In 2008, cardiovascular disease (CVD), the number one cause of death in the world, accounted for an estimated 17.3 million deaths, or 30% of all deaths in that year [1]. Furthermore, CVD is projected to remain the leading cause of death worldwide in the next several decades [2]. All told, low- and middle-income countries experienced over 80% of all CVD deaths in 2008 [1], while the economic burden of CVD in developed countries continues to be staggering.
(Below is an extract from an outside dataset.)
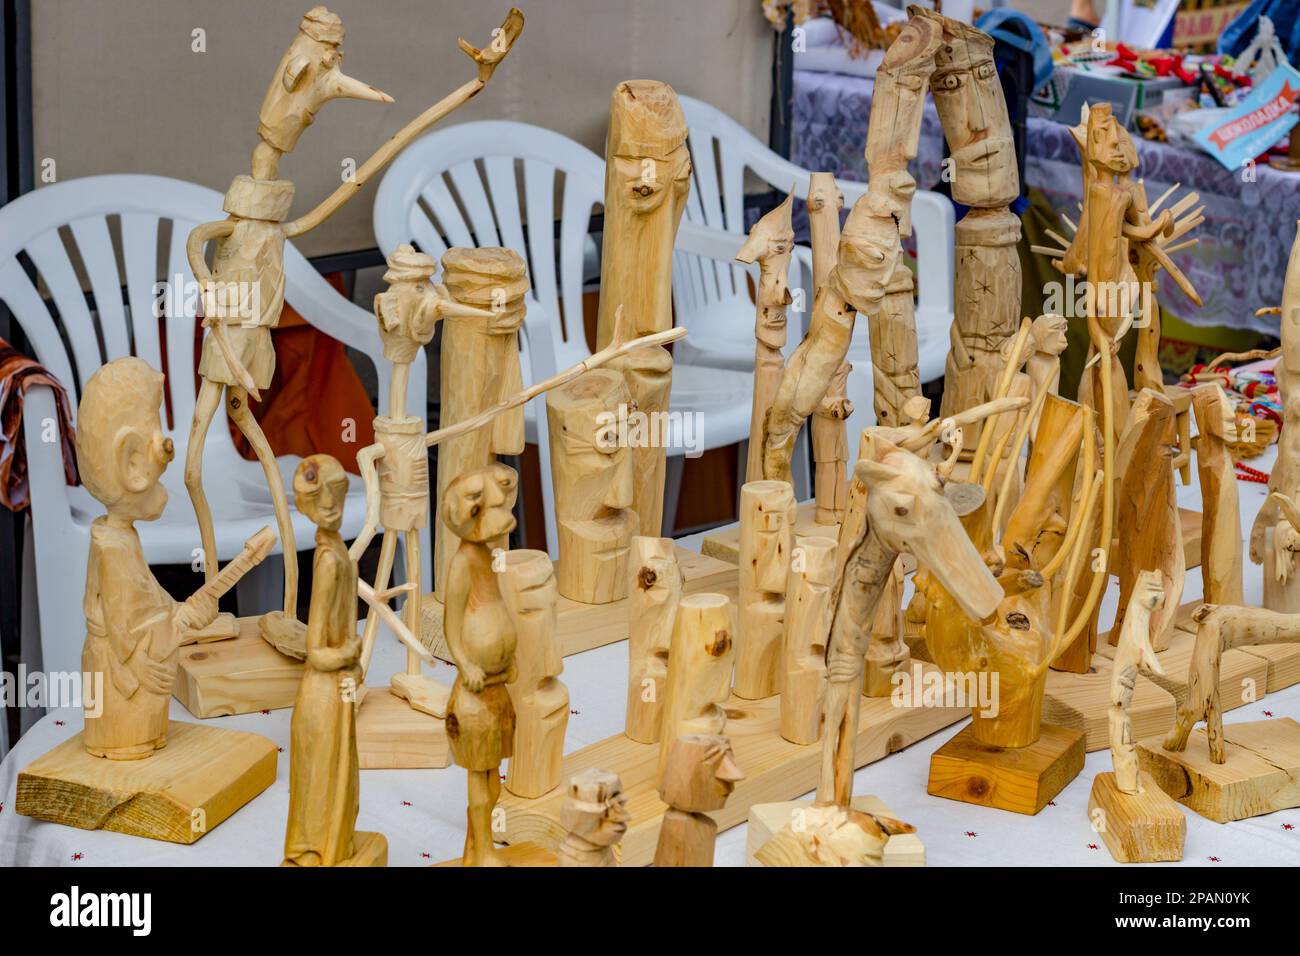 Obninsk, Russia - July 2018: Celebration of the City Day. Arts and crafts fair. Unusual wood products Stock Photo
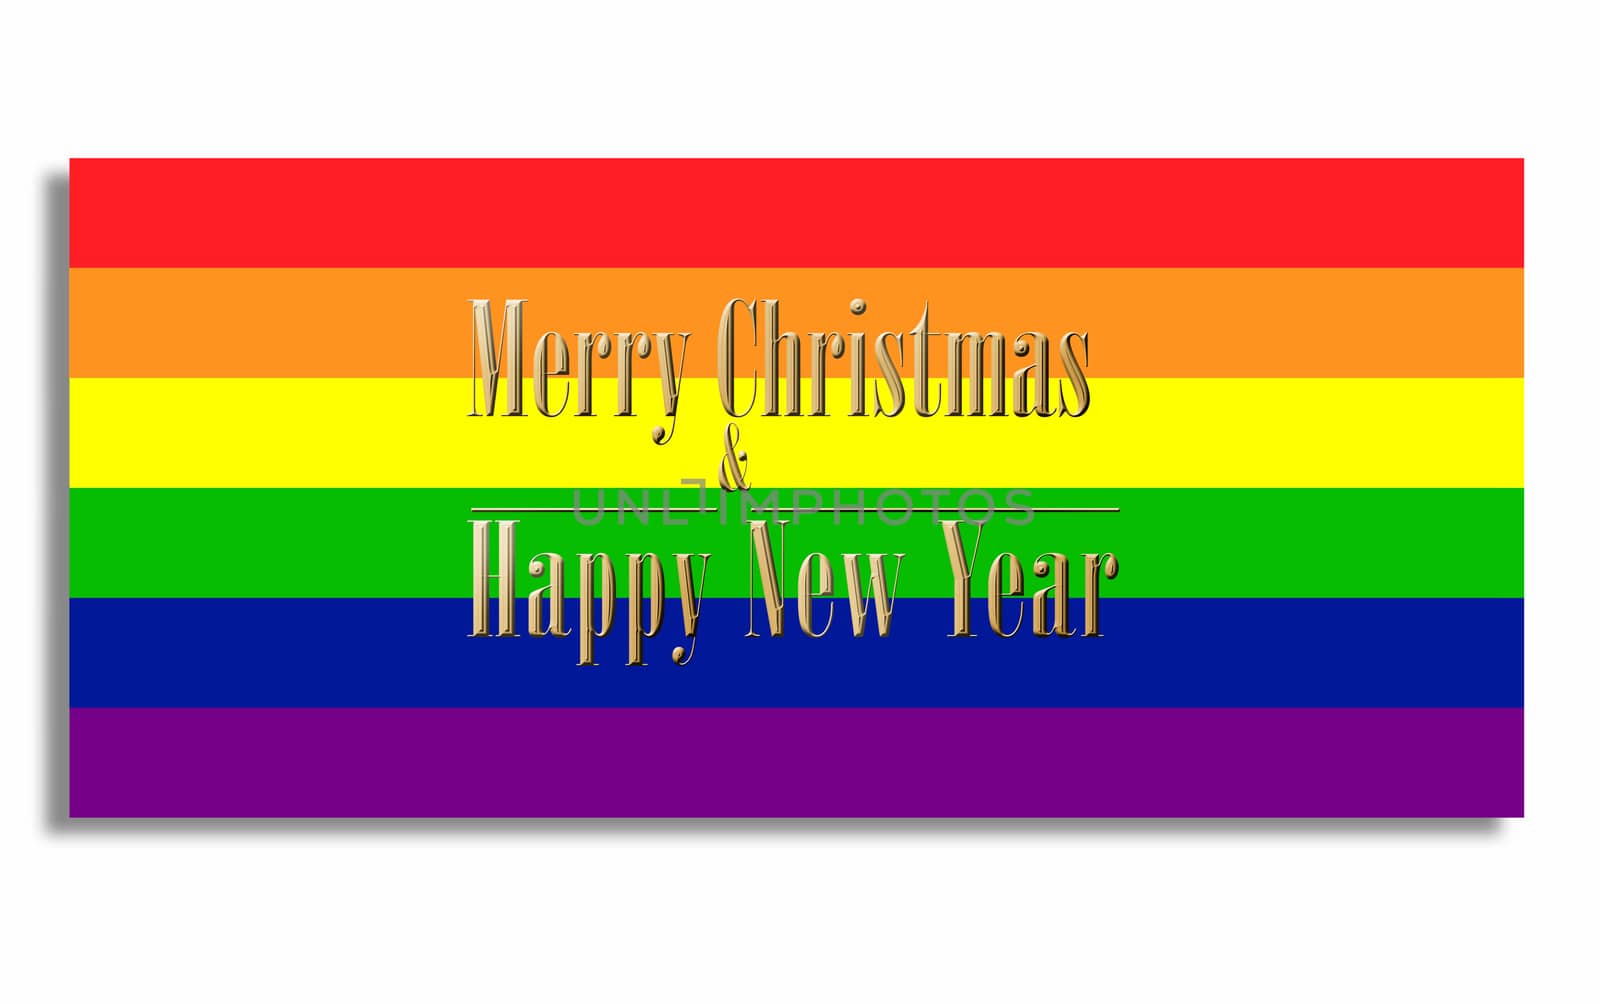 New Year Merry ChristmasLGBT concept by NelliPolk

Indeed, the annual cost of CVD in the United States (US) was conservatively estimated for 2009 at $312.6 billion [3]. In the European Union, an analysis found that CVD cost 169 billion euros in 2003, with 62% of these costs for health care, 21% for loss of productivity, and 17% for informal care [4]. In the United Kingdom (UK) alone, CVD cost 29.1 billion pounds (about $53.0 billion) in 2004, 29% of which was for coronary heart disease and 27% for cerebrovascular disease [5]. Globally, the most important risk factor for CVD is hypertension while suboptimal blood pressure (systolic blood pressure ≥ 115 mmHg) is responsible for an estimated 62% of strokes and 49% of coronary heart diseases worldwide [6]. The economic burden of hypertension ranged 5−15% of the gross domestic product (GDP) in developed countries and 2.5−8.0% of GDP in developing countries [7]. These alarming statistics, combined with ageing population and the growth in major risk factors such as obesity and physical inactivity, have caught the attention of global leaders, and in 2011 the United Nations called for setting a new international agenda on noncommunicable diseases, like heart disease and stroke, and a focus on major risk factors like high intake of salt and the use of tobacco [8].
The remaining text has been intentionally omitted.